K.İ: Babamı mezara itenlerden daha gaddar, daha insafsız… Onun için atom fiziğine de profesörlüğe de lanet olsun!
– Sen alim adamsın abi, başka ne iş bilirsin?
K.İ: Ama öğreneceğim. ?
– Neyi öğreneceksin?
K.İ: Kumarbazlığı, itliği, hergeleliği!
Yeşilçam sevdalıları bilir; Tatar Ramazan iken kumar postasını yasaklayan Kadir İnanır, bilim adamı olduğu Ceza filminde bir kumarbaz tarafından evsiz bırakılınca işte bu veciz sözleri etmişti. ‘Atom Profesörü’ olan Kadir İnanır bile, CERN’de ‘tanrı parçacığı’ aramak yerine yeşil çuhalı masalara dirsek dayadıysa, bizim de ‘ne olur ne olmaz’ diyerek batakhanelerin kumar raconunu öğrenme vaktimiz gelmiştir. Hep bir ağızdan “Lanet olsun atom fiziğine!” dedikten sonra, bir koyup hiç alanların dünyasına dalıyoruz:
Mehmet Kotan (53): Bak sakın sokaklarda “Buralarda kumarhane var mı?” diye sorma. Bizim Kıbrıs’ımız en arka sokaklardaki kahvehanelerdir. Bilen bilir, öğrenen gelir. Onun da iki türlüsü vardır: Ya böyle 3 kuruş parasına kahvede alenen oynanır ya da bazı kahvelerdeki etrafı perdeyle örtülen masalarda büyük paralarla kapışılır. Yani büyük dedikse, bize göre işte… Ben sana ulu orta oynananları anlatayım ki seni düzmesinler: Bak şimdi, şeytanın 3 bacağı vardır: kağıt, zar, taş. Zardan başlayalım çünkü ben onun ustasıyım, gençliğimde nam salmıştım, Şeşi Penç Mehmet derlerdi bana. Zar yüzünden çok dayak da yedim. Bak bir gün, bu Beyoğlu’nda Hortum Süleyman Emniyet’in başında, beni attılar nezarethaneye kumardan. İlk başta dövmediler. Ama yemek de yok, su da. Paran yoksa hiçbir şey yok orada. Nezaretteki adamlardan birini kafaladım, cepten çıkardım zarları, başladık barbuta. Derken vardiya mı değişmiş ne bok, iki polis gördü beni. Tam döveceklerken polisin biri dedi ki “İstediğin zarı atabilir misin lan sen?” Dedim “Hayır komiserim, senin istediğin zarı atarım ben”. Sonra bu iki polis iddiaya girdi, para koydular, ben tozlu, düz olmayan yerde 3 defa 6-5 atarsam beni bırakacaklar. Allaha inancın olsun o kadar korkuya rağmen, çat diye attım. Sonra “Hadi çık bakalım” dediler, bir çıktım 7-8 polis coplar havada bana koridor kurmuş. “E amirim hani bırakacaktınız?” dedim, “Bırakıcaz dedik de dövmeyeceğiz demedik ya pezevenk!” dediler. Orada komalık ettilerdi beni. E tabi onlar büyük it, büyük kumar tezgahlarından pay alırlar, bizim gibileri de sevmezler. Yani zarı atsan da atamasan da dayak, sefalet vardır bu işte hep.
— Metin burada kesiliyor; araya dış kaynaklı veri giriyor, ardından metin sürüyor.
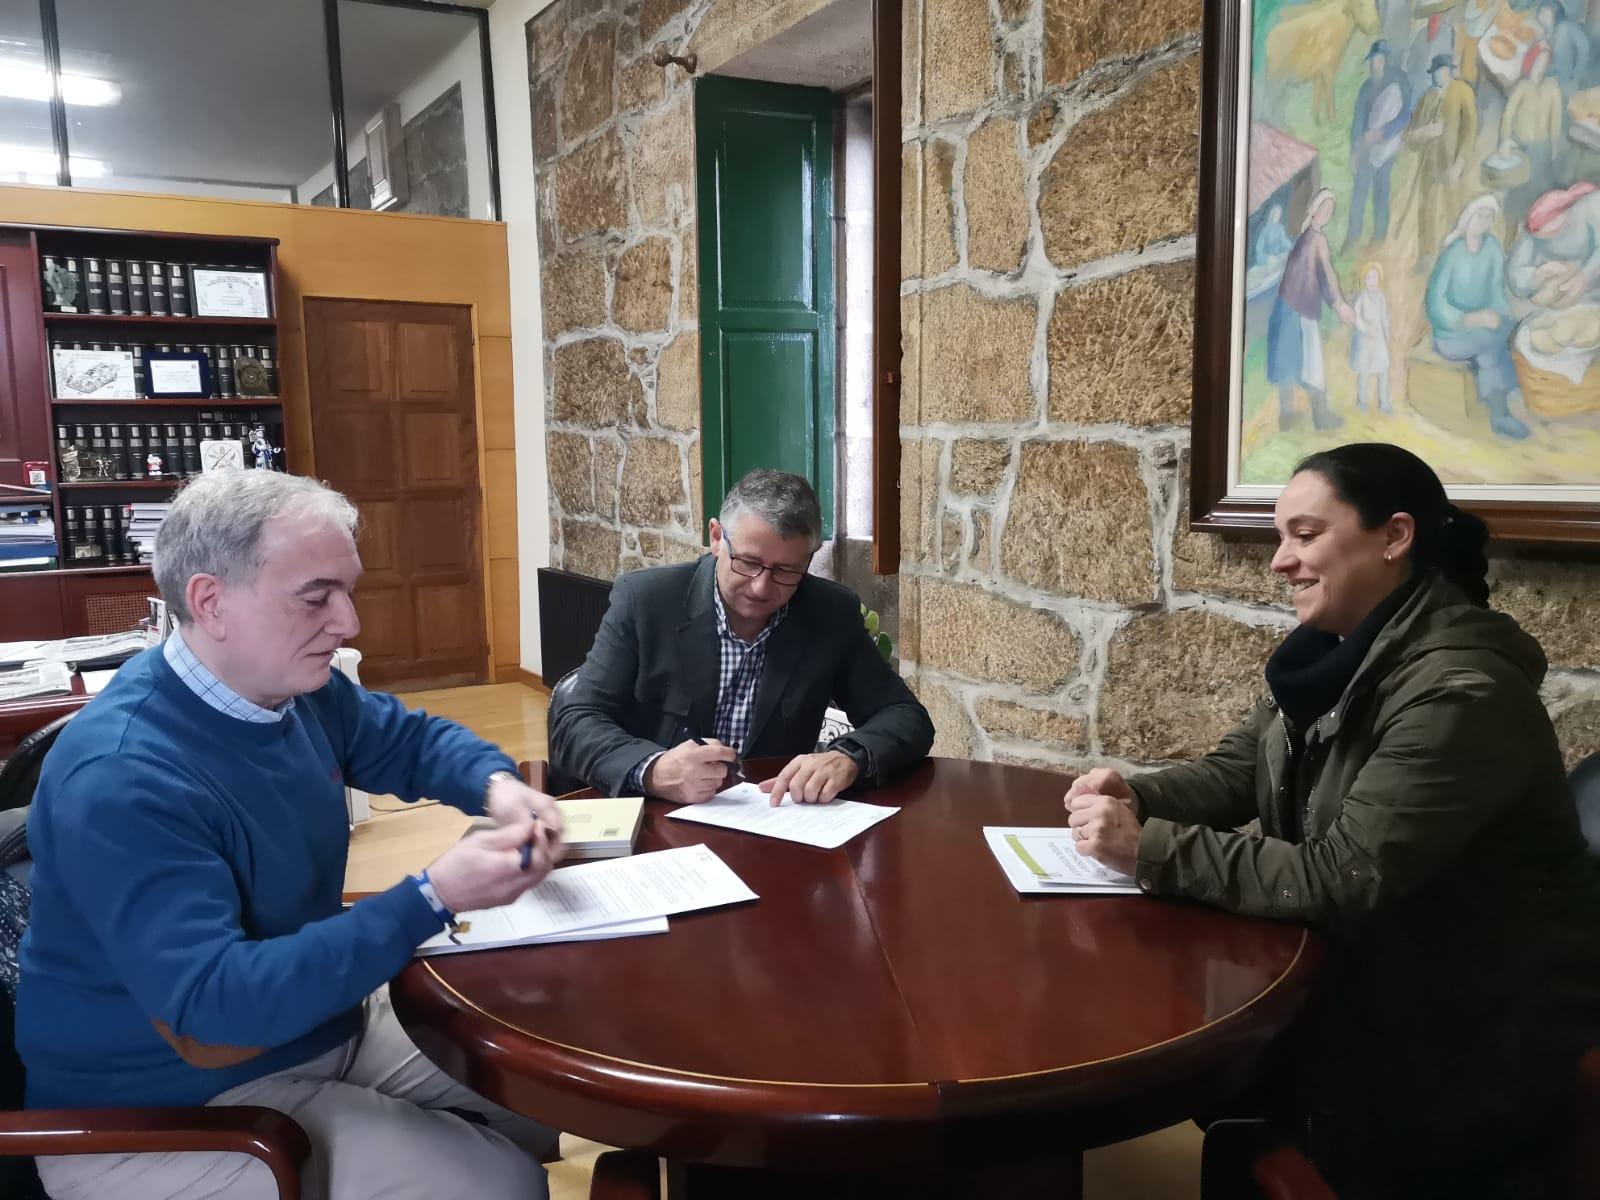 O Concello de Silleda e Afapo asinan o convenio para continuar mellorando o Programa de Atención Integral a Persoas con Alzheimer e as súas familias

Neyse zar diyorduk… Şimdi zarı nerede görürsün? Ya barbutta, ya tavlada. Zaten işin ehli değilsen barbuta oturma; o burada anlatılmaz. Tavlada da zar tutmanın 3 yolu var. Adam, tavlanın en pulsuz köşesine atıyorsa, zarları çıtçıtlatıyorsa, atmadan önce bir kıllan. Sonra izle. 2 şekil var: Ya zarın birini sabitleyip, onu hafifçe bırakıp diğerini yalandan yuvarlamak; ya da ikisini de aynı şekilde kurduktan sonra tavlada eşit şekilde yuvarlamak. İlkini anlarsın zaten. Bir zar yalandan döner, öteki zar deli olur. İkincisinde ise kural şu: zarlar birbirine, yan bantlara ve pullara değmeyecek. Yani öyle kolay değil ha! İlmi, el becerisi var bunun. Ama bak şimdi sorarsan bu abine, “Adamı yakalarsam ne yapayım?” diye, onu bilmem. Orada şeklin varsa, atarın varsa “Birader ayıp olmuyor mu?” diye çıkış. Eğer büyük parasına oynanıyorsa, kahvecinin de has adamı değilse kahveci s.ktir eder onu zaten. Yok değilse o elin parasını ver, “Anladık birader biz seni.” de oyundan çekil. Yalandan sitem et yani, hiçbir şey demezsen de adın enayiye çıkar. Ama bak ben sana diyeyim, girme bu işlere. Çıkamazsın. Hani bazıları diyor ya, “Kumarı bıraktım” diye, afedersin s.kime bırakırsın. Sen kumarı bırakamazsın, kumar seni bırakır. Kullanır, canı isteyince de zar gibi bir köşeye bırakır…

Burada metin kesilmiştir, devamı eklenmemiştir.